» **What is being asked**
As you reproduce every line below, keep it exactly as written and leave out the images.

--- Recorded data Enclosed Below ---

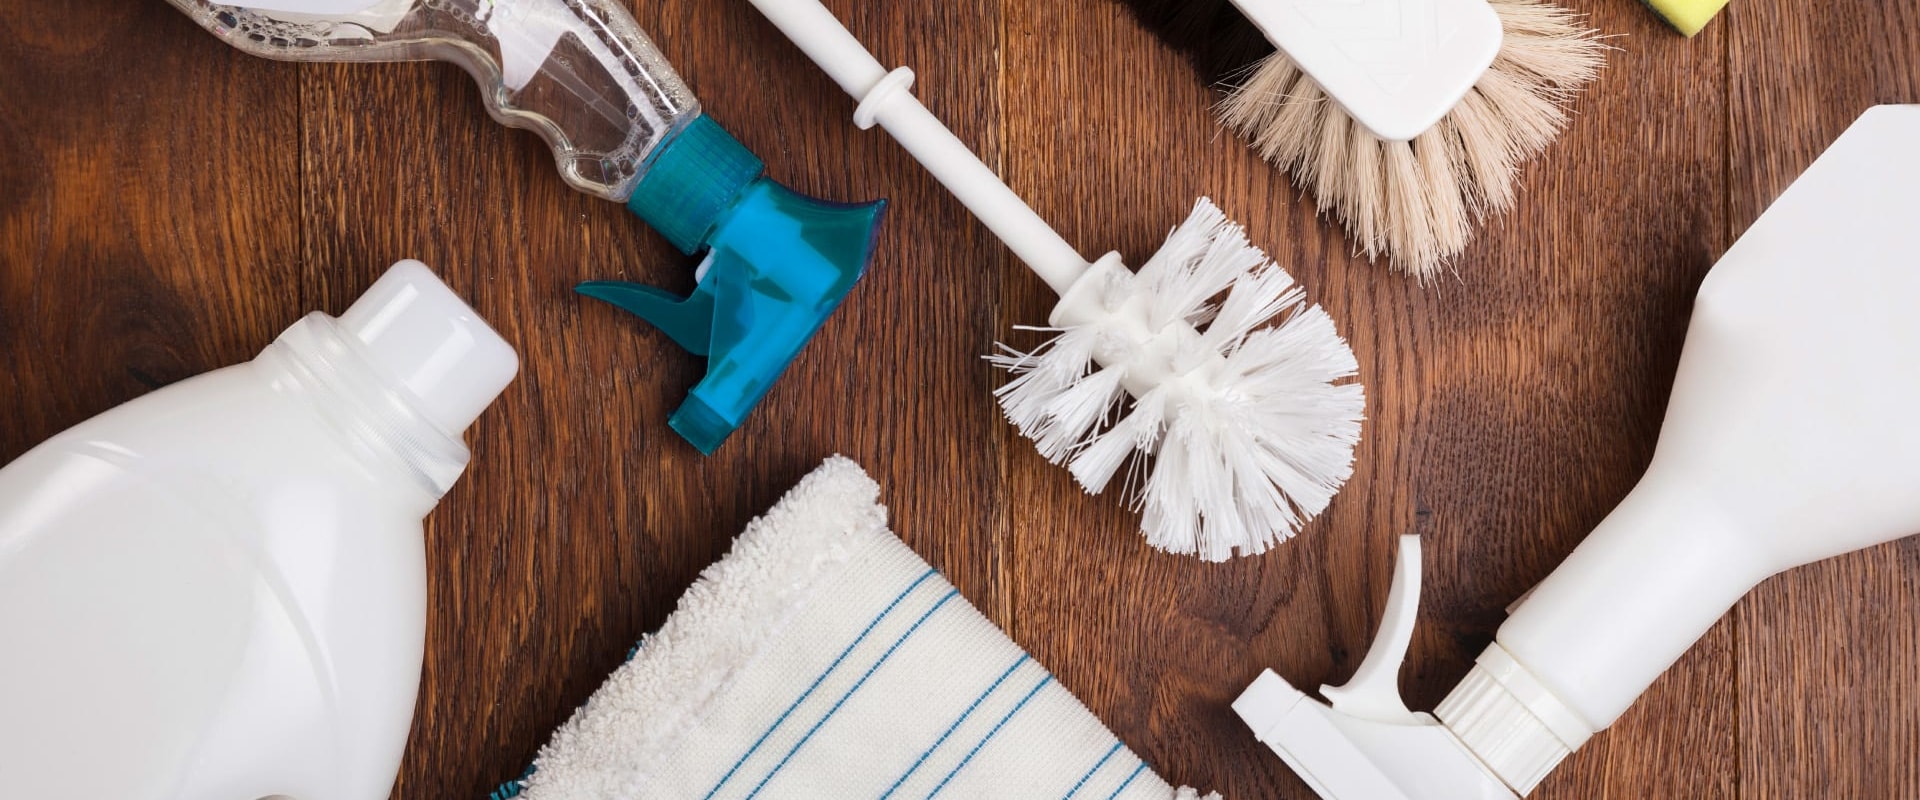 The Ultimate Guide to Keeping Vacation Rentals Clean and Sanitized
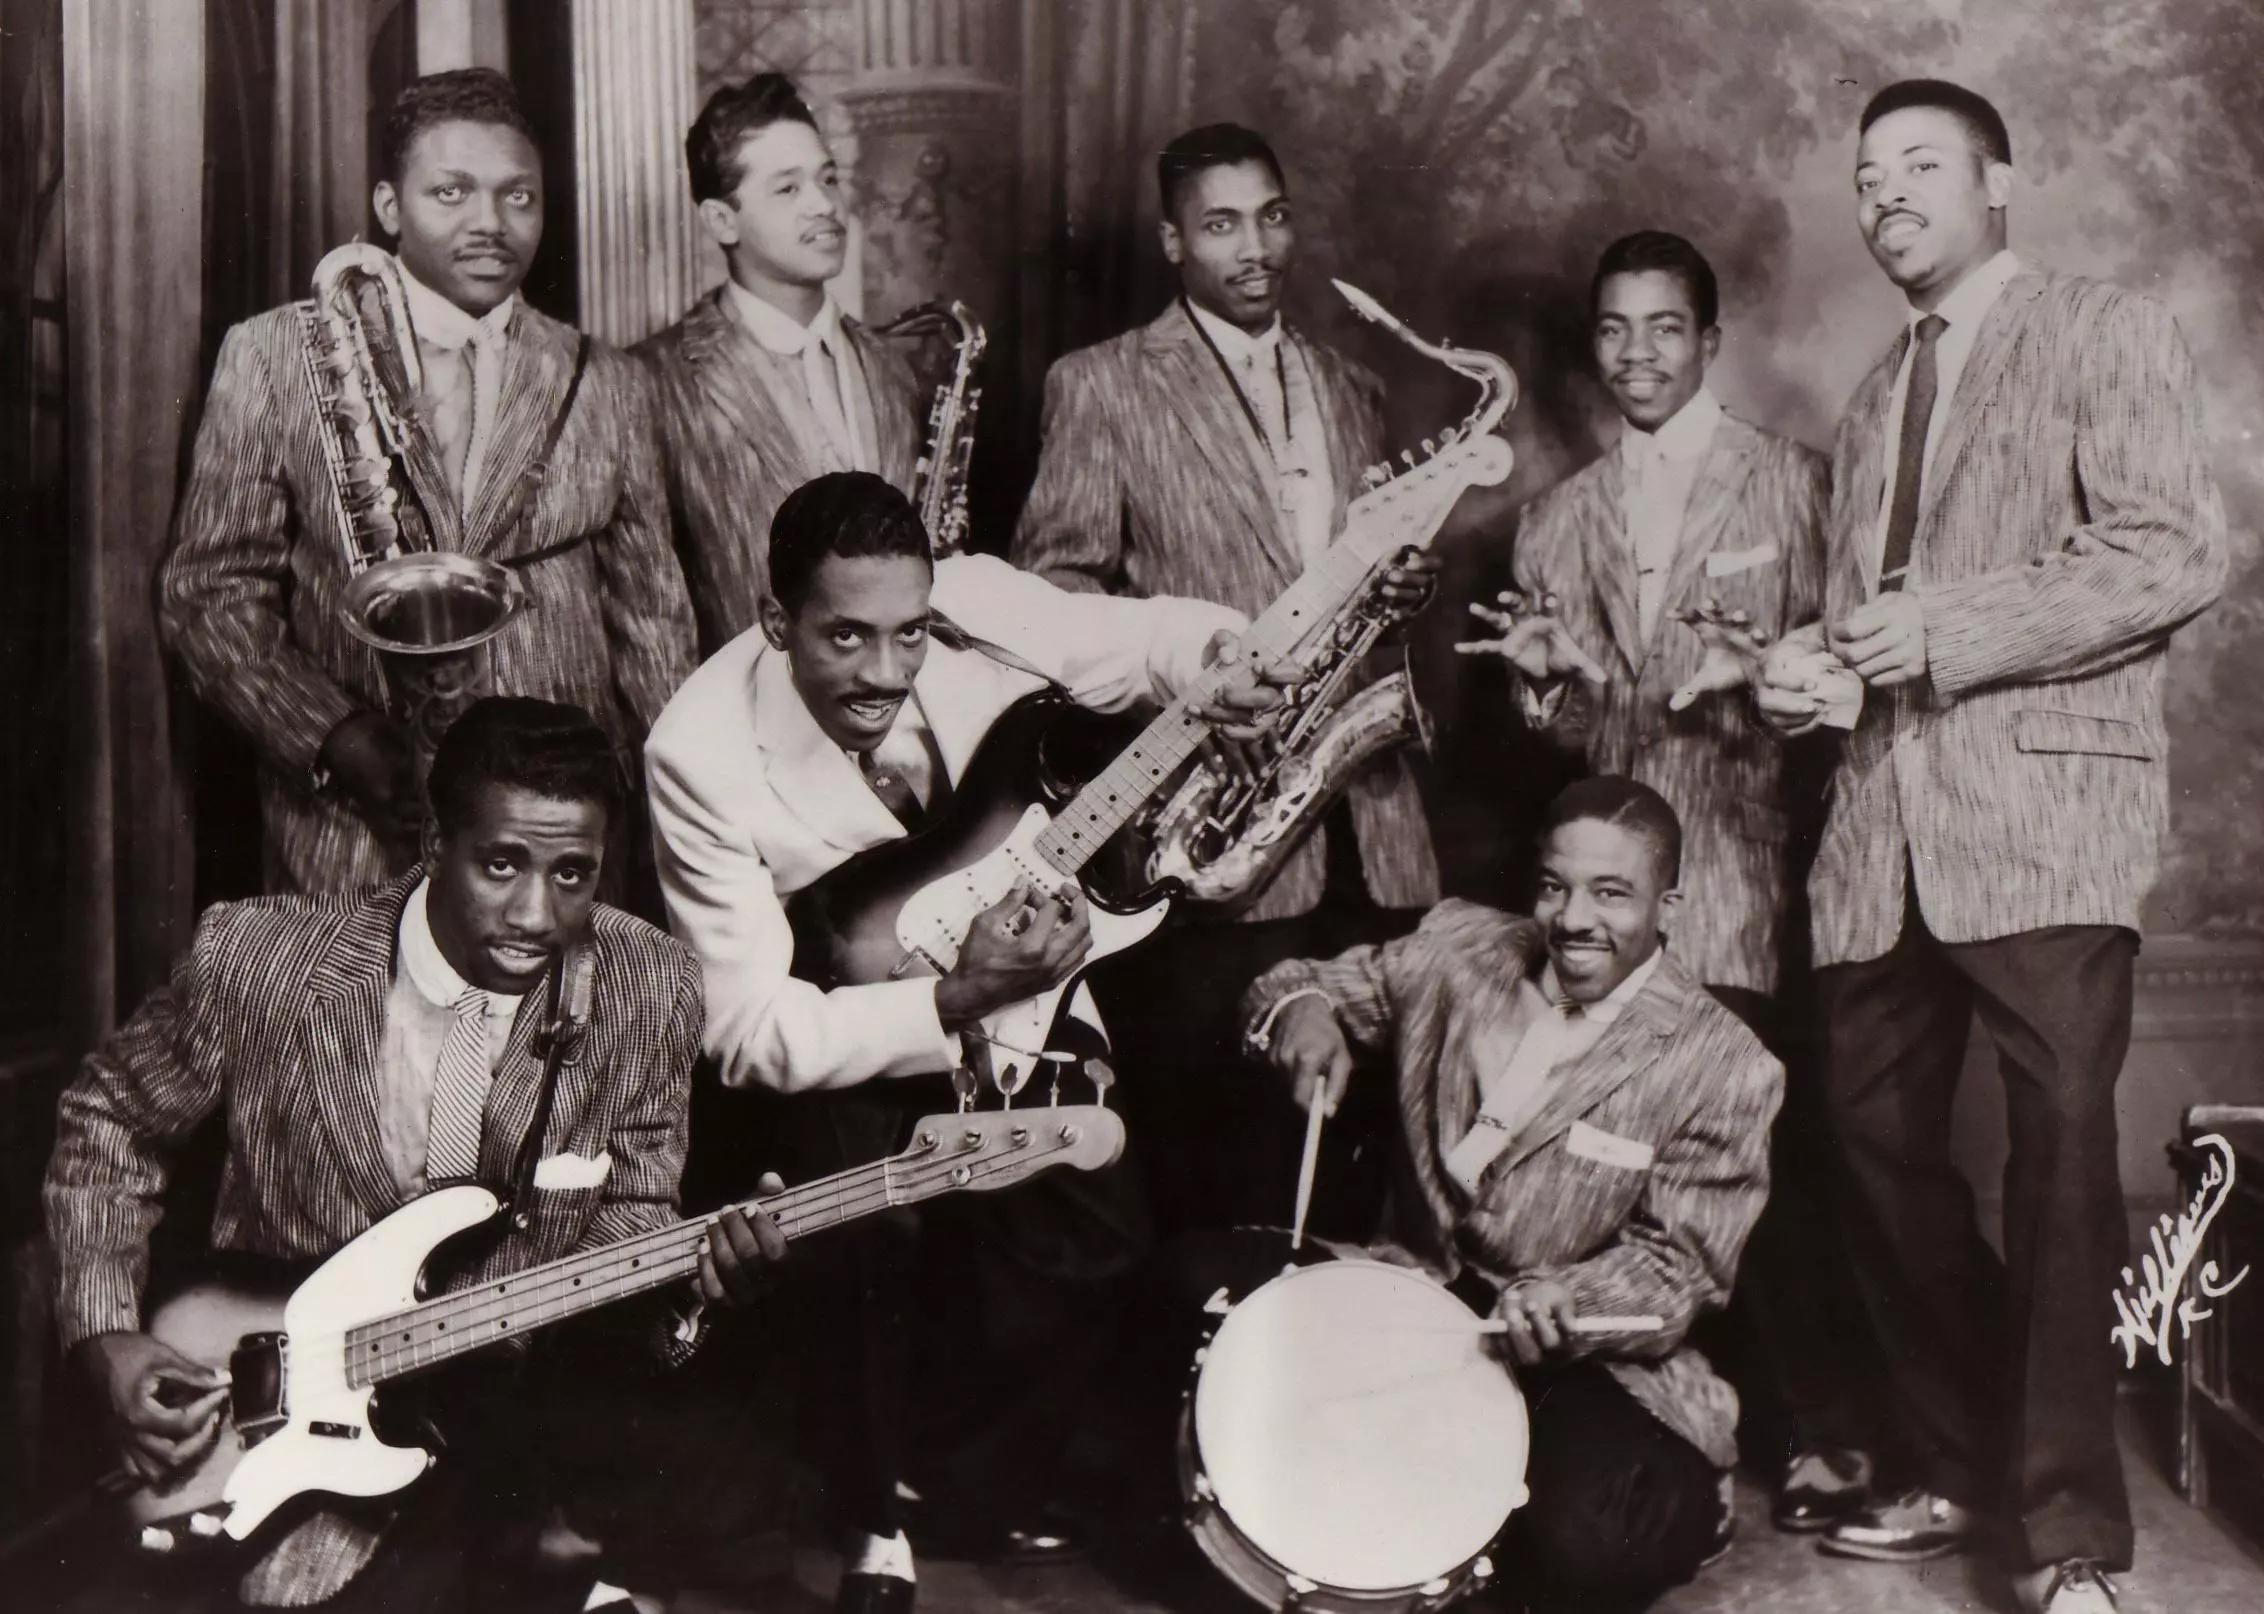 Ike Turner and the Kings of Rhythm in 1956.
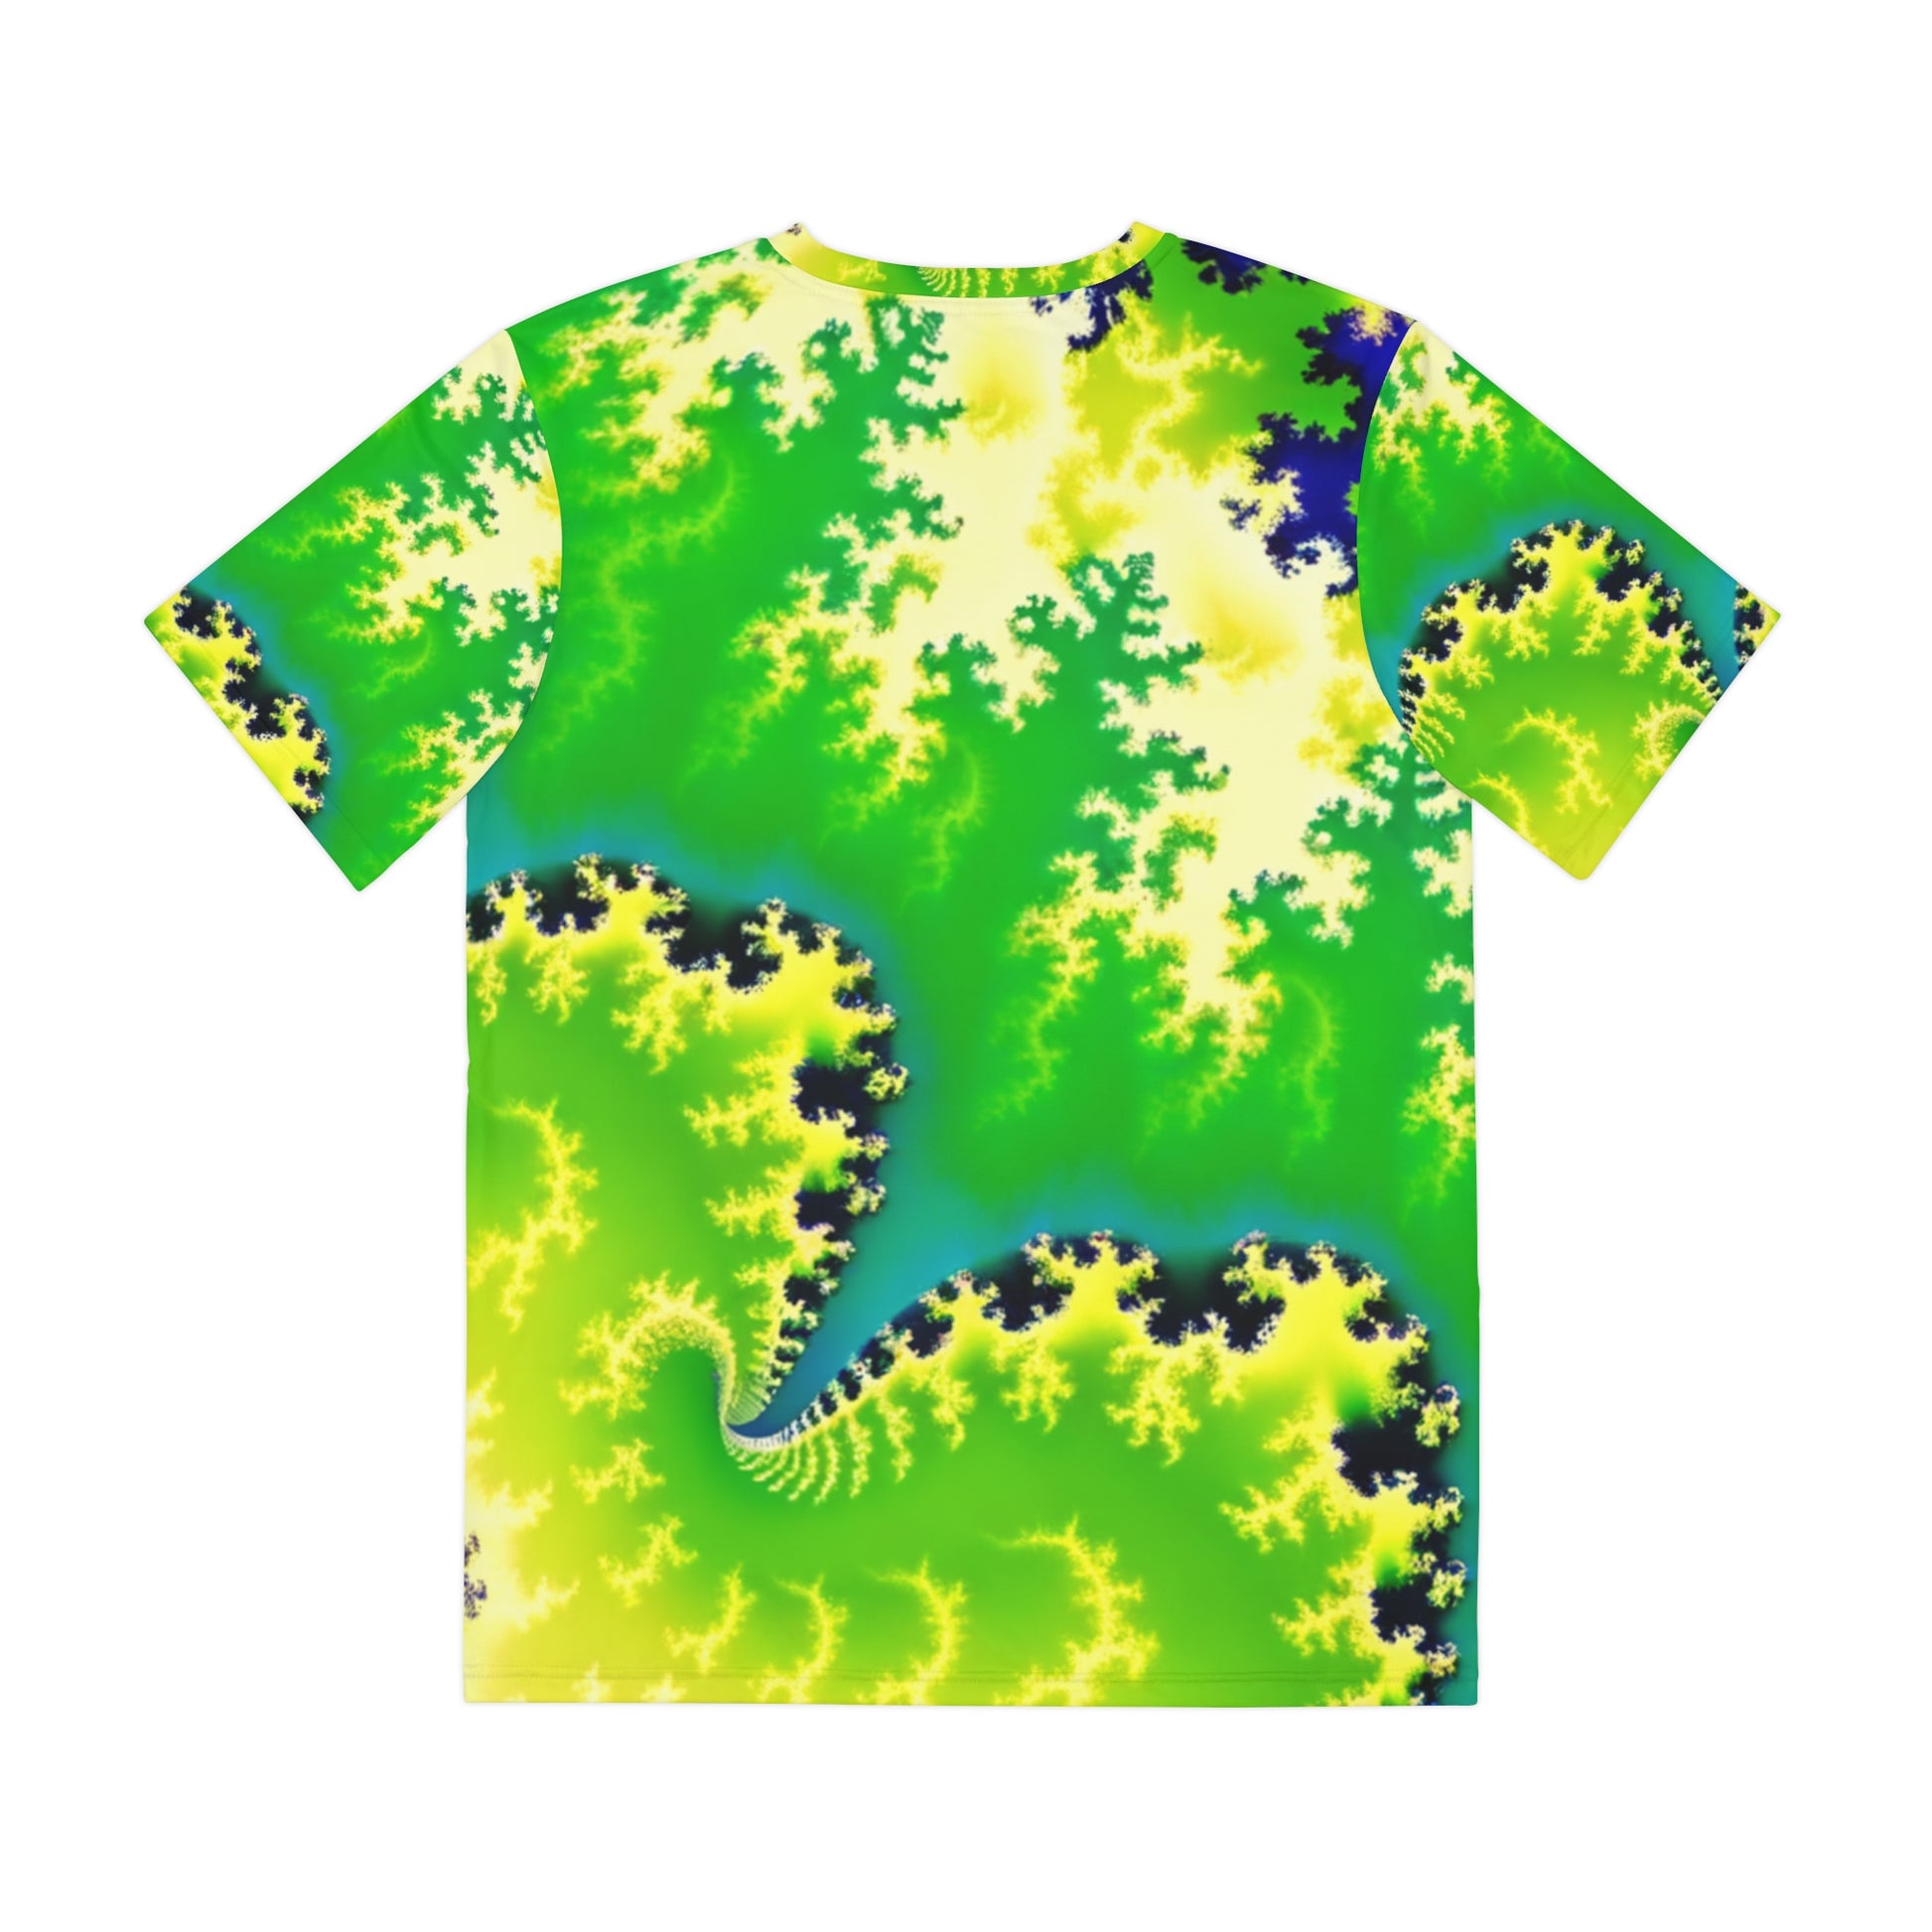 Back view of the Psychedelic Serpentine Fractal Fusion Crewneck Pullover All-Over Print Short-Sleeved Shirt green yellow blue black psychedelic pattern

--- End of Enclosed Recorded data ---

» **Answer section**
 The Ultimate Guide to Keeping Vacation Rentals Clean and Sanitized
 Ike Turner and the Kings of Rhythm in 1956.
 Back view of the Psychedelic Serpentine Fractal Fusion Crewneck Pullover All-Over Print Short-Sleeved Shirt green yellow blue black psychedelic pattern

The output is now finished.